Die massenhaften Abschiebungen, die der Bundesgrenzschutz (BGS) im vergangenen Sommer vornehmlich an libanesischen Flüchtlingen vorgenommen hat, waren rechtswidrig. Der 11. Senat des Oberverwaltungsgerichtes (OVG) Lüneburg hat auf Antrag zweier Libanesen ein dementsprechendes Grundsatzurteil verfaßt. 1986 waren bis August insgesamt 449 Flüchtlinge in ihr Heimatland „zurückgeschoben“ worden. Die Asylsuchenden wurden an der deutsch– deutschen Grenze nicht den Ausländerbehörden zugeführt, sondern vom BGS aus den Zügen entführt und zum Teil mit Handschellen zum Frankfurter Flughafen gekarrt. Dort wurden sie dann in die nächste Maschine nach Beirut gesteckt.
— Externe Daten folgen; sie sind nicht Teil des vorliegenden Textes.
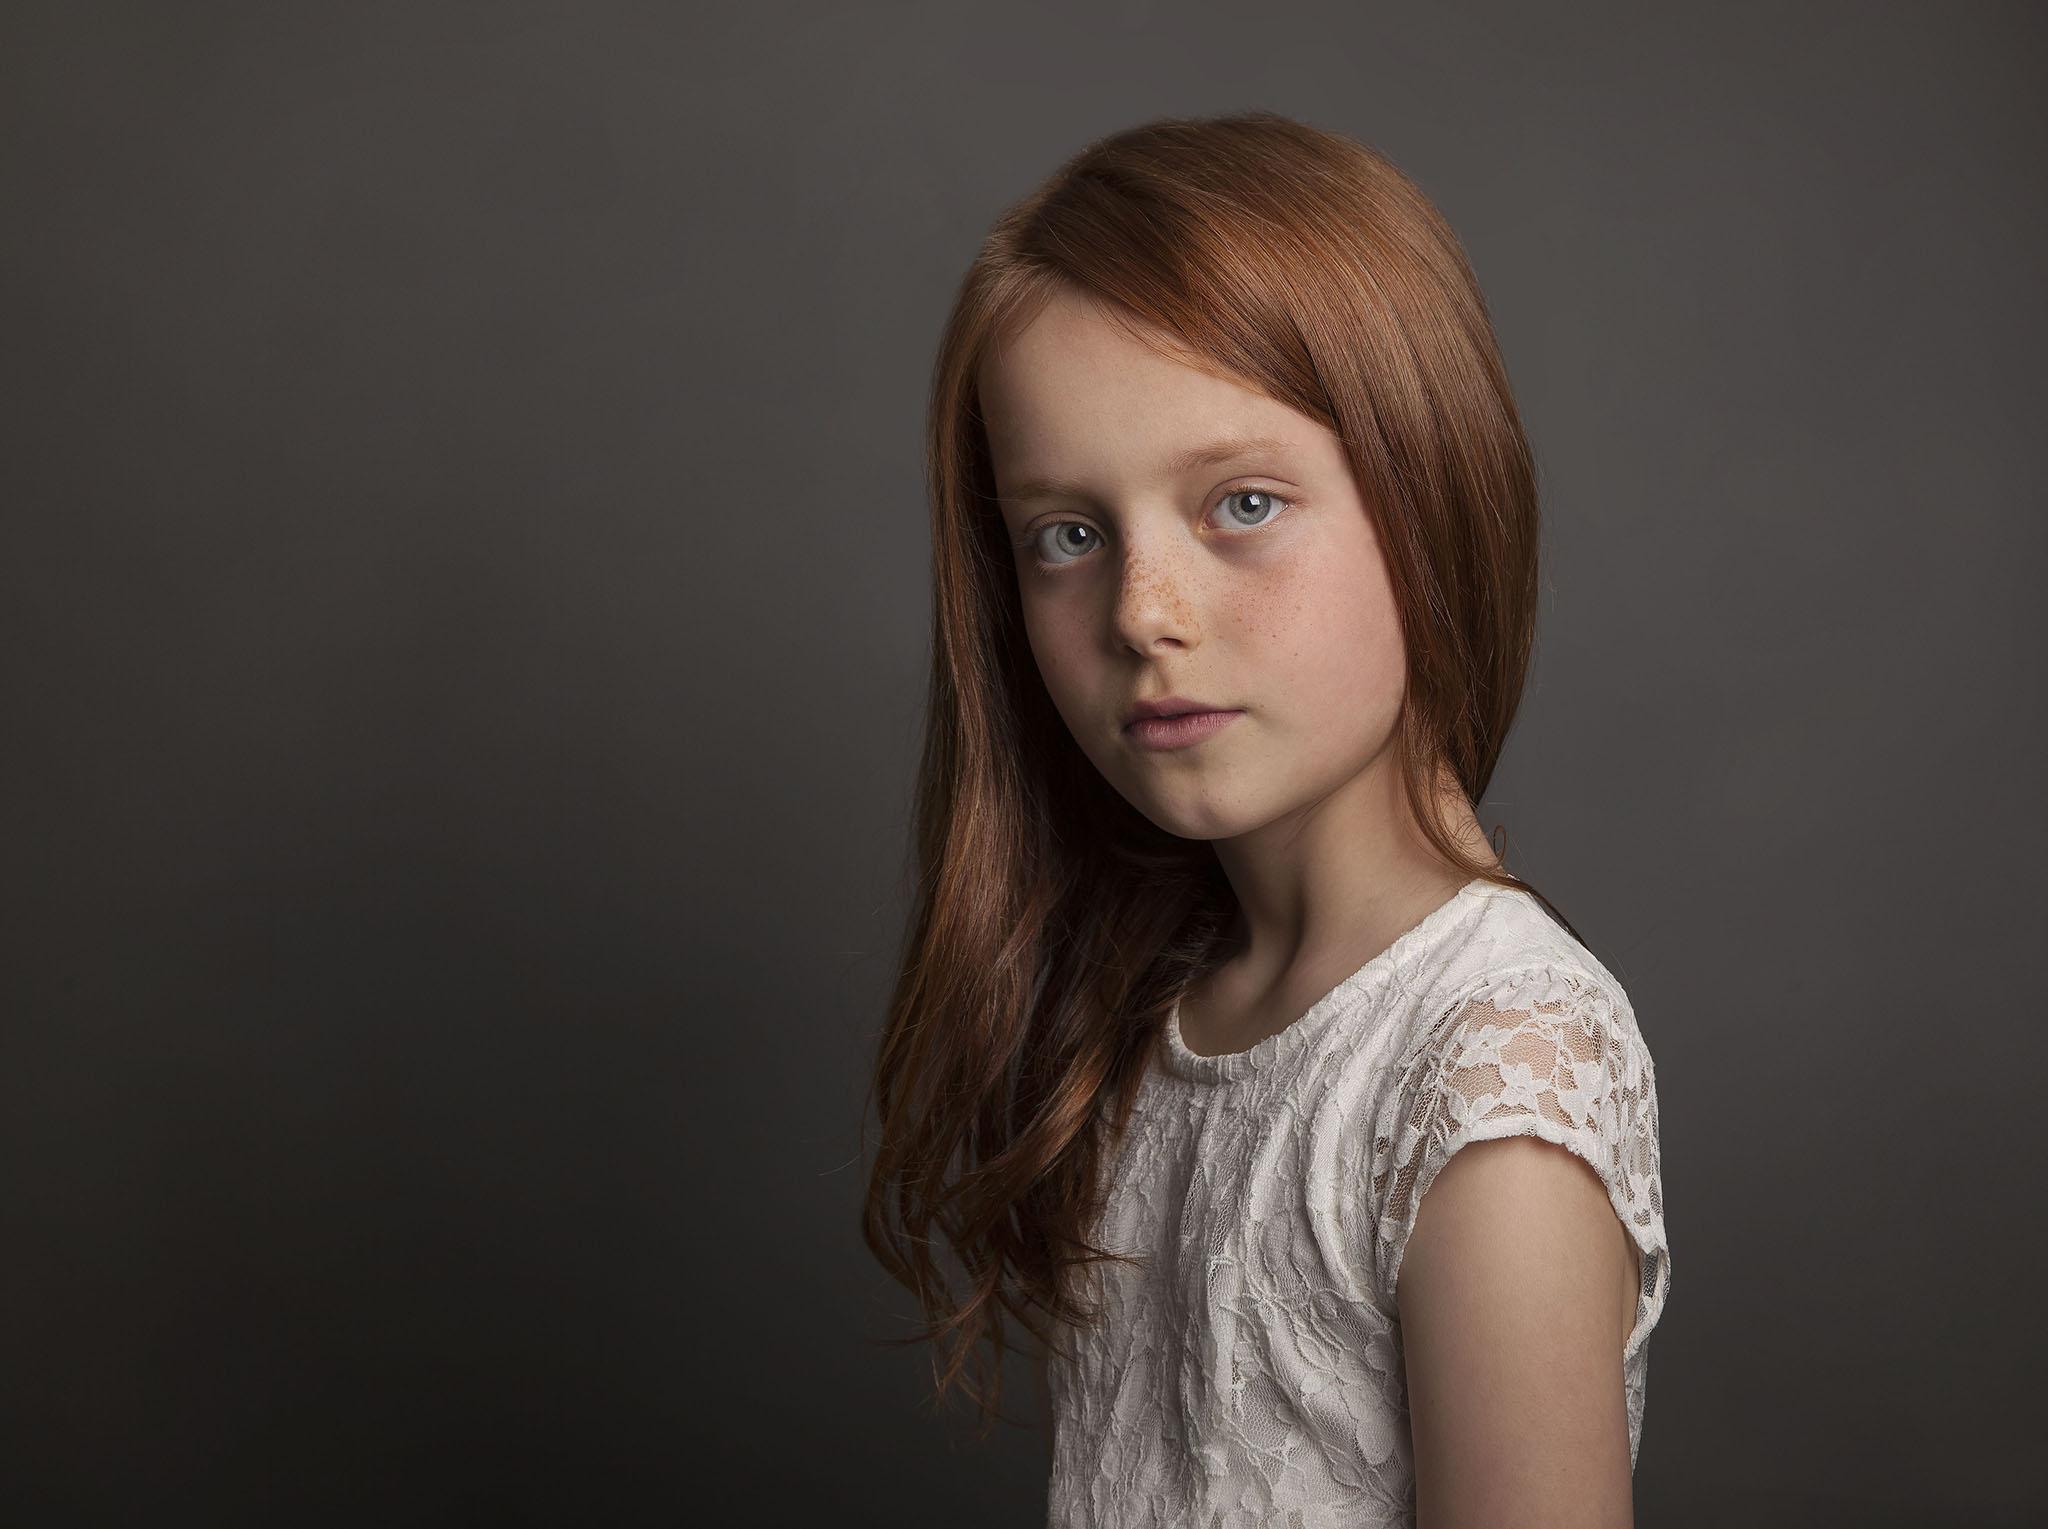 elizabethgphotography_kingslangley_hertfordshire_fineart_childrens_photography_19.jpg

Massive juristische Interventionen sorgten dafür, daß diese Praxis im September vorerst eingestellt wurde. Nach Ansicht des Lüneburger Gerichtes hat der BGS damit seine Kompetenzen überschritten: „Ob die genannten (Asyl–)Gründe inhaltlich geeignet sind, ihm (dem Antragsteller) Asyl zu gewähren, hatte die Antragsgegnerin (BRD) nicht zu entscheiden.“ Asylsuchende, die nach ihrer Abschiebung wiederum aus dem Libanon flohen, berichteten der Presse bei ihrer Rückkehr in die BRD von Folterungen und Entführungen. Eine besondere Brisanz bekommt das Grundsatzurteil vor dem Hintergrund eines Ermittlungsverfahrens gegen Bundesinnenminister Friedrich Zimmermann (CSU), das nach der Strafanzeige eines libanesischen Flüchtlings vom 10. Dezember 86 von der Bonner Staatsanwaltschaft eingeleitet wurde. „Das Lüneburger Urteil kann Einfluß auf dieses Verfahren haben“, befand ein Sprecher der Bonner Staatsanwaltschaft gegenüber der taz. Nachdem im Herbst eine erste Klage gegen Zimmermann als dem obersten Dienstherrn des BGS eingereicht worden war, war der zuständige Ministerialrat in Bonn versetzt worden. (AZ 11 B 911/86 und 11 B 782/86)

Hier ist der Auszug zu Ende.